21) Method according to any of claims 14 to 20, CHARACTERIZED because the ethylcellulose fraction incorporated in the solid state in step b) acts as a binding agent.

22) Method according to any of claims 14 to 21, CHARACTERIZED in that the dissolution of the amorphous alprazolam present in the premix of the composition at the first minute is greater than 20 percent with respect to the solution of crystalline alprazolam present in a physical mixture with the same components , according to USP 35 test in buffer medium.

23) Procedure according to any of claims 15 or 17 to 22 when they depend on claim 15, CHARACTERIZED in that the tablets obtained contain between 0.25 and 2.00 milligrams of alprazolam, and preferably contain 0.25, 0.5 , 1.0 or 2.0 milligrams of alprazolam.

24) Method according to any of claims 15 or 17 to 23 when they depend on claim 15, CHARACTERIZED because the tablets have a disintegration time of less than 20 seconds and preferably less than 15 seconds by in vitro determination according to USP 37 in aqueous medium without disk.

25) Procedure according to any of claims 15 or 17 to 24 when they depend on claim 15, CHARACTERIZED because the disintegration of the tablet, located in the oral cavity, begins at 5 seconds and is total at 8 seconds.

26) Method according to any of claims 15 or 17 to 25 when they depend on claim 15, CHARACTERIZED in that the suspension that forms the tablet with the saliva lacks particles or agglomerates and the suspension has a pleasant taste.

27) Procedure according to any of claims 14 to 26, CHARACTERIZED in that the dissolution of alprazolam of the composition obtained in step iv) in buffer medium, at pH 6.0, volume 900 ml and temperature 37 ° C, speed 50 RPM in apparatus 2 according to USP 37 at 30 seconds is greater than 45%, and at 60 seconds is greater than 65%, of the alprazolam content of the composition. 28) Procedure according to any of claims 15 or 17 to 27 when they depend on claim 15, CHARACTERIZED because the tablet is for direct administration to the patient in the oral cavity or after disintegration in a small volume of water and direct administration of the suspension formed and optionally through Type K-108 enteral probe or the like.

29) Procedure according to any of claims 16 to 22, CHARACTERIZED in that the powder for the extemporaneous preparation of a suspension is suspended with water or other beverages and is for administration by incorporation of the suspension in the oral cavity or by Type K enteral tube. -108 or similar.

30) Procedure according to any of claims 16 to 22 or 29, CHARACTERIZED in that the powder for the extemporaneous preparation of a suspension is presented in single-dose or multi-dose units that contain indistinctly between 0.25 and 2.00 milligrams of alprazolam at the mostly amorphous state and They quickly form by simple agitation a suspension with water or another drink.

31) Process according to any of claims 14 to 30, CHARACTERIZED in that the alprazolam: ethylcellulose ratio in the composition is between 2.5: 1 and 5: 1.

32) Method according to any of claims 14 to 31, CHARACTERIZED in that the proportion at 1 to 1 in: c ro s p o v i do n a in the composition is between 0.06: 1 and 0.13: 1.

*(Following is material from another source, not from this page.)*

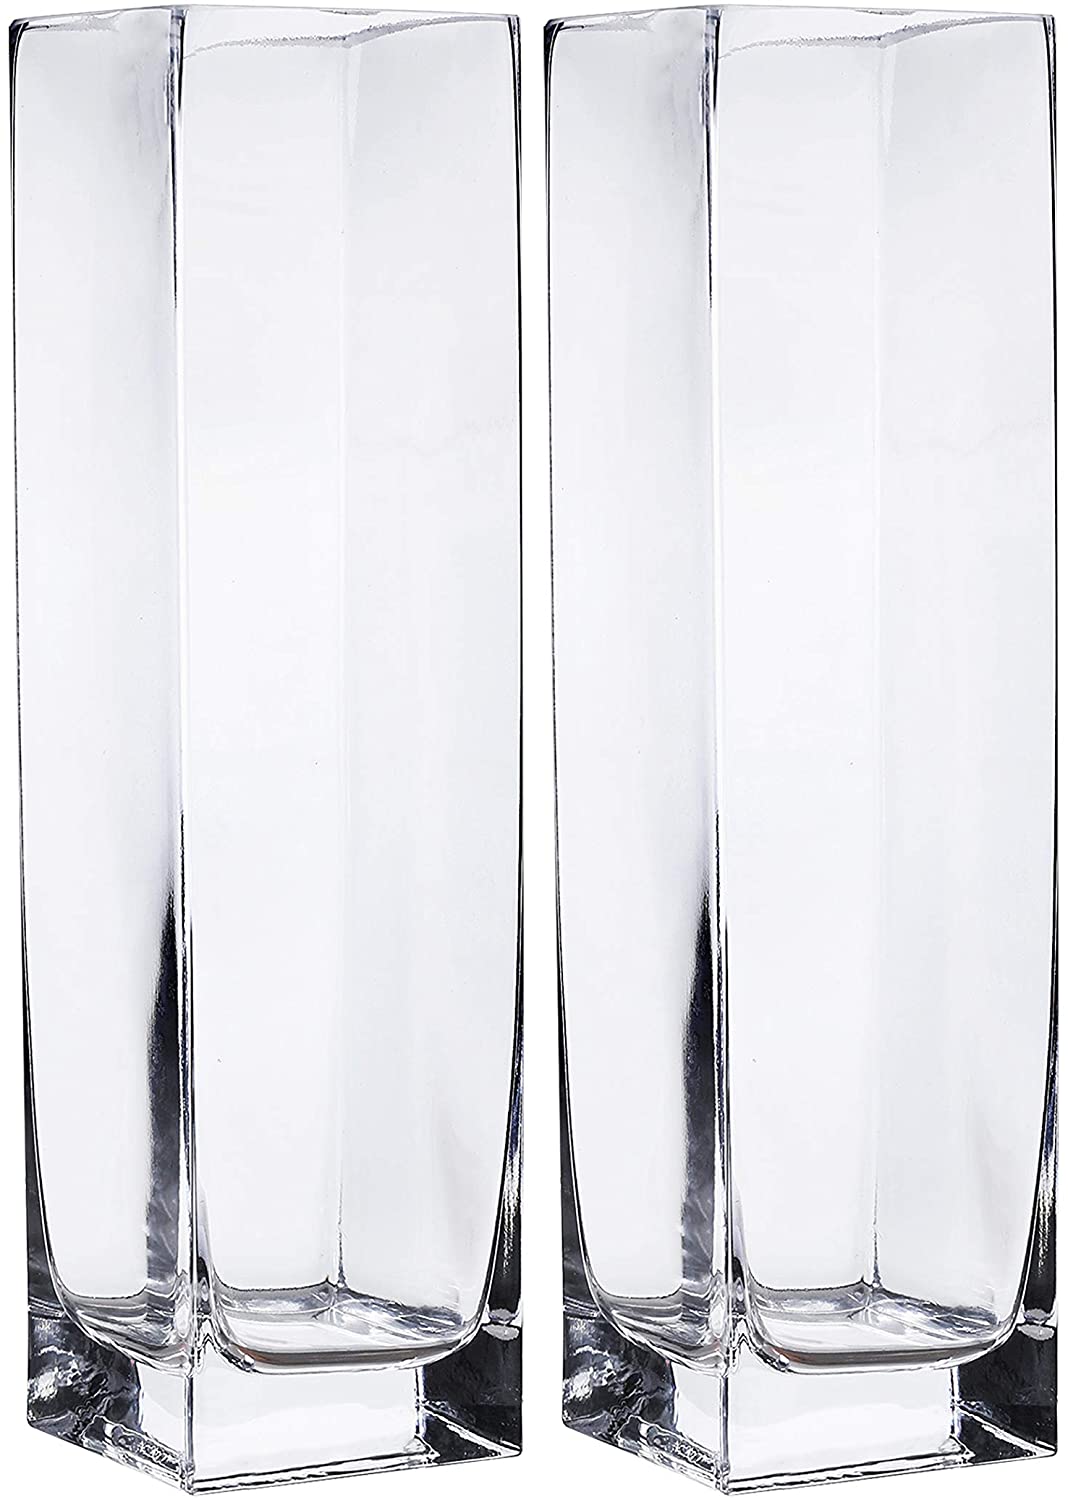 WHOLE HOUSEWARES Clear Glass Square Vase for Centerpieces | Tall Block Design for Wedding Party Event Home Office Decor | 2.35" Diameter x 10" Height | Clear Glass Vases Centerpieces - image 1 of 4

33) Method according to any of claims 15 or 17 to 28 when they depend on claim 15 or 31 or 32 when they depend on claim 15, CHARACTERIZED because the tablet has an alprazolam content of less than 0.5 mg, preferably 0, 25 mg.

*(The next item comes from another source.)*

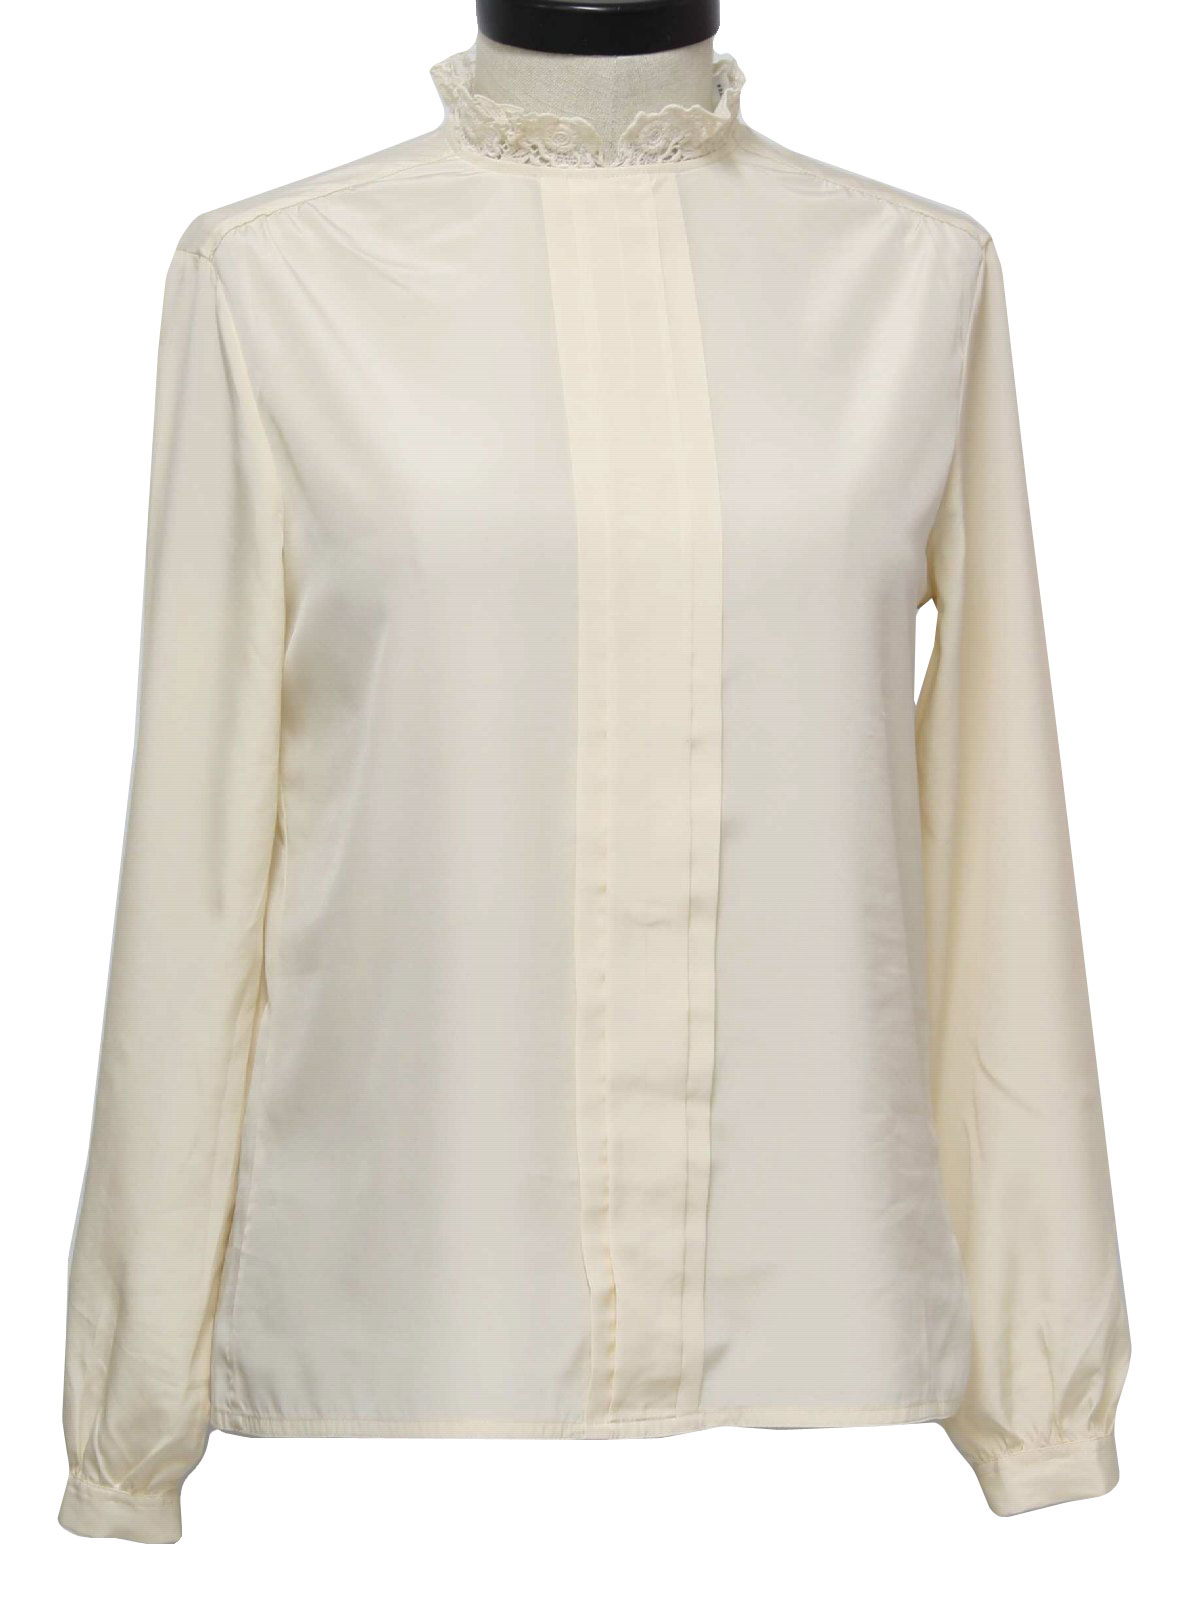 Vintage 1980's Shirt: 80s -Chaus- Womens cream silky polyester ...

34) Process according to any of claims 14 to 33, CHARACTERIZED in that the compounds incorporated in said step b) have a humidity of less than 1.5%, preferably less than 0.5%. 35) Process according to any of claims 14 to 34, CHARACTERIZED in that in said step e) said premix is dried at less than 50 ° C.

36) Process according to any of claims 14 to 35, CHARACTERIZED in that in said step e) said premix is dried until reaching a humidity lower than 1%.